Key hardware and software breakthroughs revolutionized the data management industry. First, innovation and demand increased the power and decreased the price of hardware. New software emerged that understood how to take advantage of this hardware by automating processes like load balancing and optimization across a huge cluster of nodes.
The software included built-in rules that understood that certain workloads required a certain performance level. The software treated all the nodes as though they were simply one big pool of computing, storage, and networking assets, and moved processes to another node without interruption if a node failed, using the technology of virtualization.
The changing economics of computing and big data
Fast-forward and a lot has changed. Over the last several years, the cost to purchase computing and storage resources has decreased dramatically. Aided by virtualization, commodity servers that could be clustered and blades that could be networked in a rack changed the economics of computing. This change coincided with innovation in software automation solutions that dramatically improved the manageability of these systems.
The capability to leverage distributed computing and parallel processing techniques dramatically transformed the landscape and dramatically reduce latency. There are special cases, such as High Frequency Trading (HFT), in which low latency can only be achieved by physically locating servers in a single location.
The problem with latency for big data
One of the perennial problems with managing data — especially large quantities of data — has been the impact of latency. Latency is the delay within a system based on delays in execution of a task. Latency is an issue in every aspect of computing, including communications, data management, system performance, and more.

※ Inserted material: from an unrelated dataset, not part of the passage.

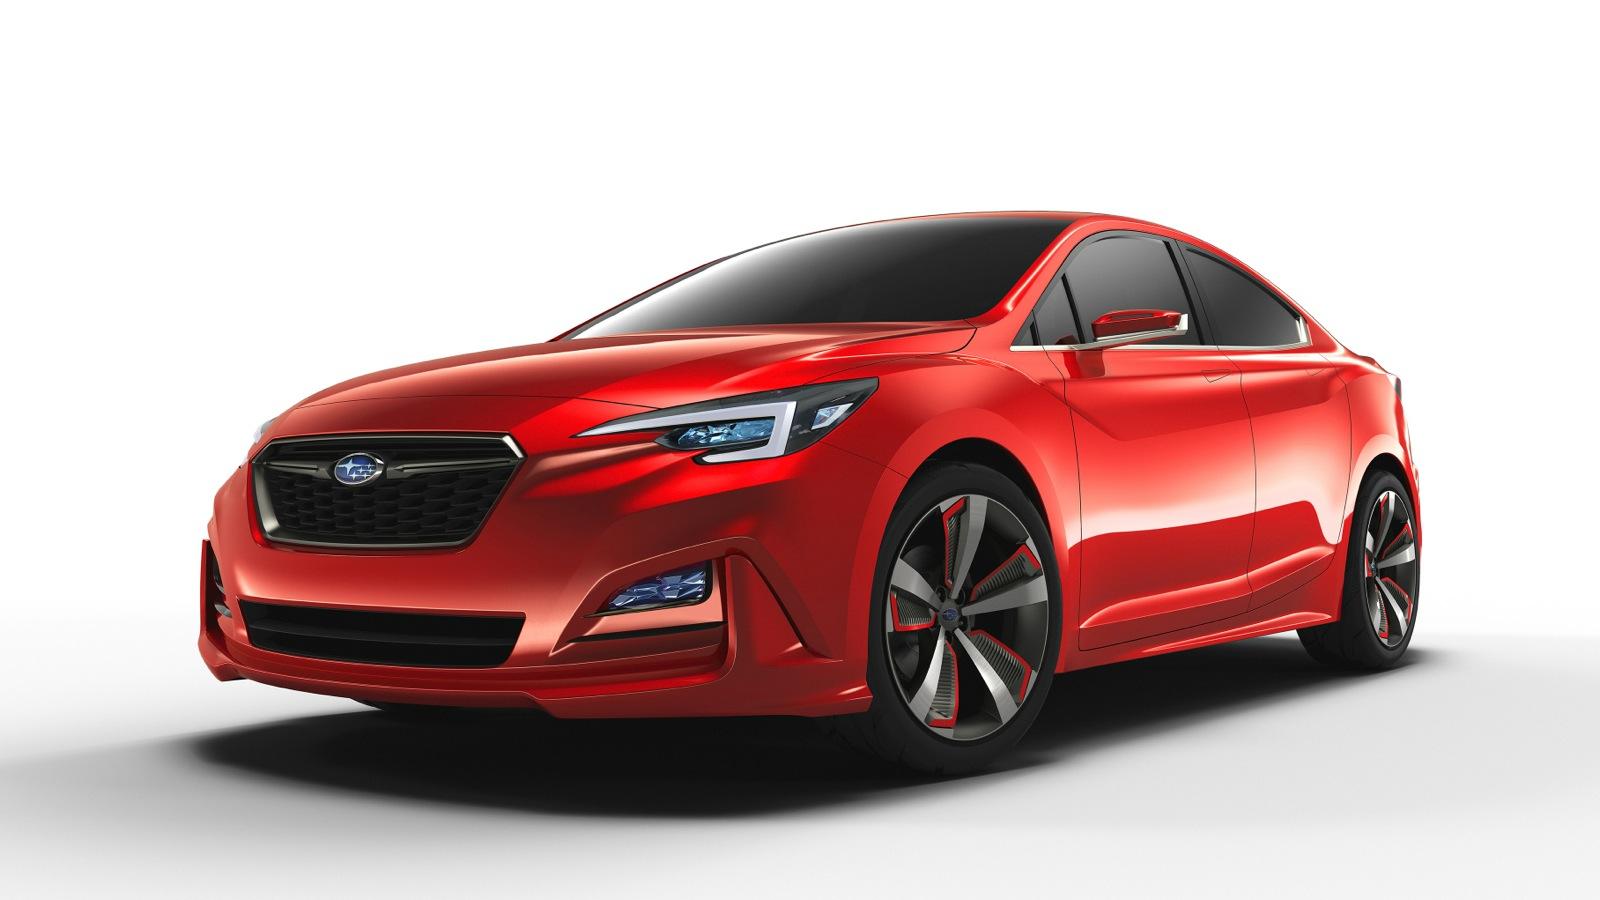 ... Mpg Concept Model Hybrid. on car and driver subaru crosstrek hybrid

If you have ever used a wireless phone, you have experienced latency firsthand. It is the delay in the transmissions between you and your caller. At times, latency has little impact on customer satisfaction, such as if companies need to analyze results behind the scenes to plan for a new product release. This probably doesn’t require instant response or access.
However, the closer that response is to a customer at the time of decision, the more that latency matters.

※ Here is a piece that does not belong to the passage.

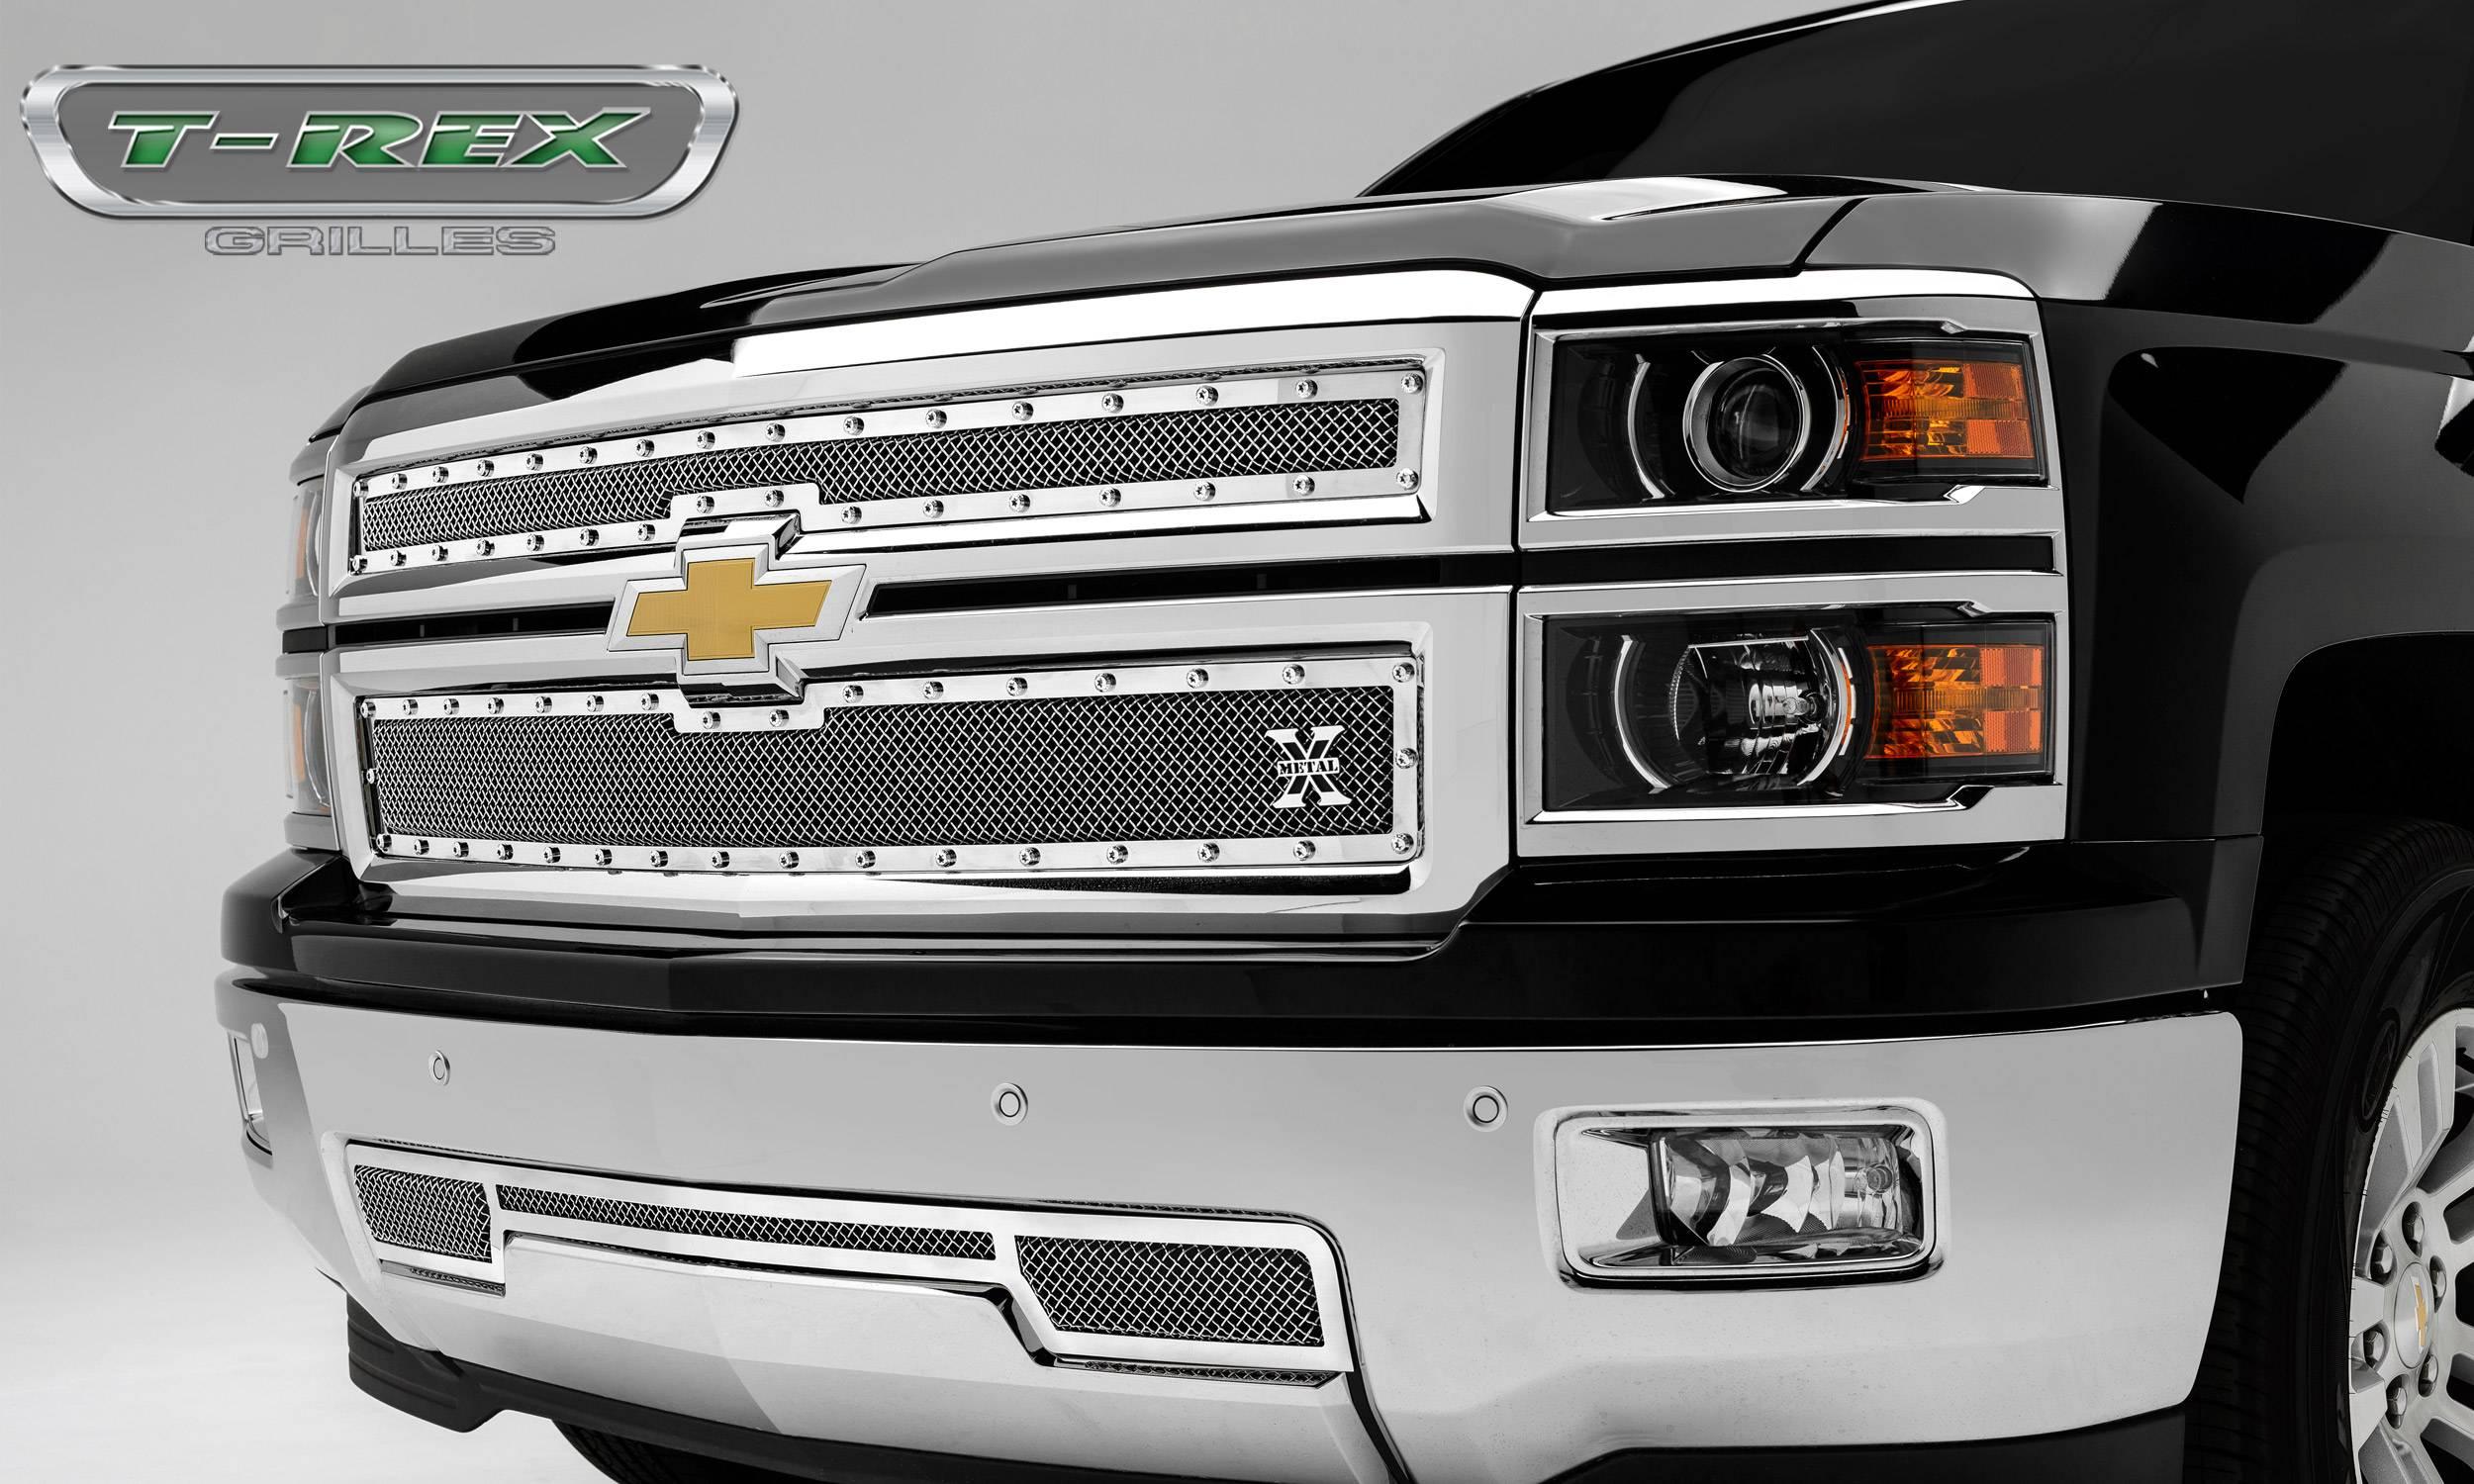 T-REX Grilles - 2014-2015 Silverado 1500 Z71 X-Metal Grille, Polished, 2 Pc, Overlay, Chrome Studs - PN #6711200

Distributed computing and parallel processing techniques can make a significant difference in the latency experienced by customers, suppliers, and partners. Many big data applications are dependent on low latency because of the big data requirements for speed and the volume and variety of the data.
It may not be possible to construct a big data application in a high latency environment if high performance is needed. The need to verify the data in near real time can also be impacted by latency. When you are dealing with real-time data, a high level of latency means the difference between success and failure.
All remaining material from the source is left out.